IPFCC provides essential leadership for advancing the practice of patient- and family-centered care. By promoting collaborative, empowering partnerships among patients, families, and health care professionals, IPFCC facilitates patient- and family-centered change in all health care settings
Below is a selection of projects completed over the last decade:
Moving Forward with Patient- and Family-Centered Care: Partnerships for Quality and Safety
Almost 200 participants, including 35 patient and family advisors, gathered in Detroit on June 13-14, 2019 to expand their knowledge of patient- and family-centered care. They came from across the U.S., Canada, the Netherlands and the United Arab Emirates. Included among the participants were teams representing 69 health care organizations. Leadership support for this intensive seminar was provided by the MHA Keystone Center of the Michigan Health & Hospital Association and Beaumont Health, the largest health system in Michigan.
Patient and Family Advisor (PFA) Summit on the Opioid Epidemic
In June 2018, IPFCC and PFCCpartners hosted a Patient and Family Advisor (PFA) Summit on the Opioid Epidemic. Sponsored by Beaumont Health, the PFA Summit was attended by more than 80 participants—over half of whom were patient and family advisors. Participants discussed how to apply the core concepts of patient- and family-centered care to the opioid epidemic, and identified ways in which they could contribute to partnerships and solutions moving forward. In November 2018, IPFCC released a White Paper, co-authored with PFCCpartners, which builds upon the presentations and discussions from the Summit and makes recommendations to further strengthen collaboration with patients and families, especially those with lived experience.
8th International Conference on Patient- and Family-Centered Care
More than 800 participants, including over 200 patient and family advisors, gathered in Baltimore in June 2018 for IPFCC’s 8th International Conference They came from the U.S., Canada, the Netherlands, South Korea, and several other countries. Plenary presentations, breakout sessions, and posters provided both inspiration and practical strategies related to the Conference’s theme of promoting health equity and reducing disparities. Leadership support was provided by The Armstrong Institute for Patient Safety and Quality, Johns Hopkins Medicine.

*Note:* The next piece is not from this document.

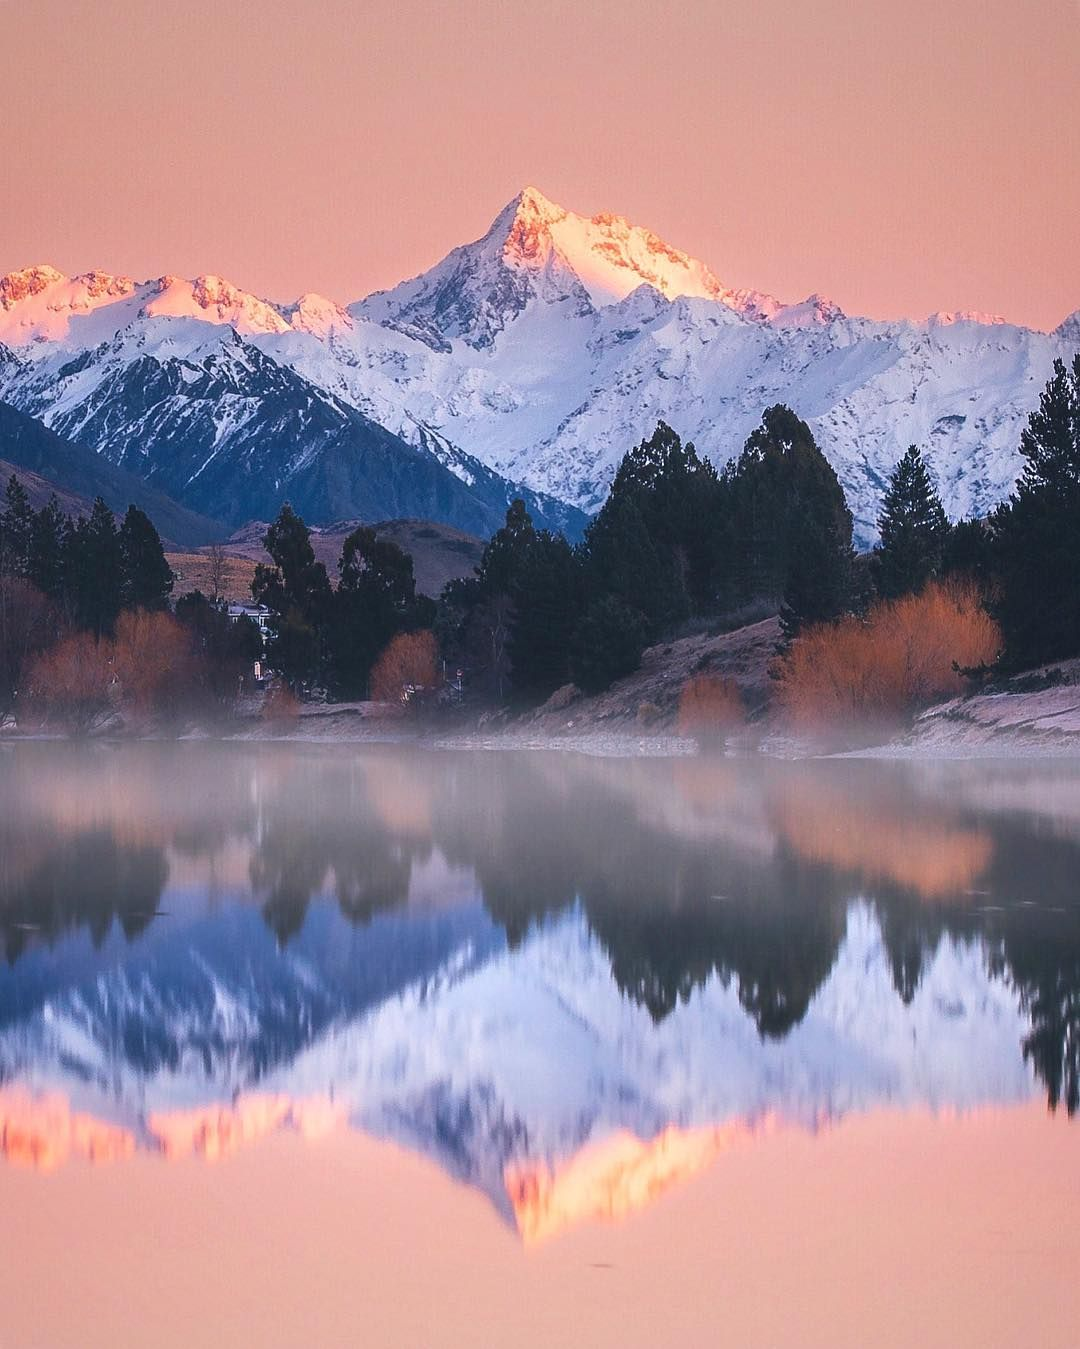 #newzealand: Fine Art Landscape Photography by Rachel Stewart #naturallandmarks

Strengthening Diversity in Research
In 2017, IPFCC received a Patient-Centered Outcomes Research Institute (PCORI®) Eugene Washington PCORI Engagement Award to support two major efforts: (1) Programming at IPFCC’s 8th International Conference on Patient- and Family-Centered Care: Promoting Health Equity and Reducing Disparities held in Baltimore, MD in June 2018 (see above) and (2) Development of a “Knowledge to Action Guide” providing strategies and guidance for creating and sustaining partnerships between researchers and individuals from diverse and under-represented communities. The Guide is based on an extensive literature review, consultation from an Expert Advisory Panel, interviews with researchers and diverse partners, and site visits to three exemplary programs.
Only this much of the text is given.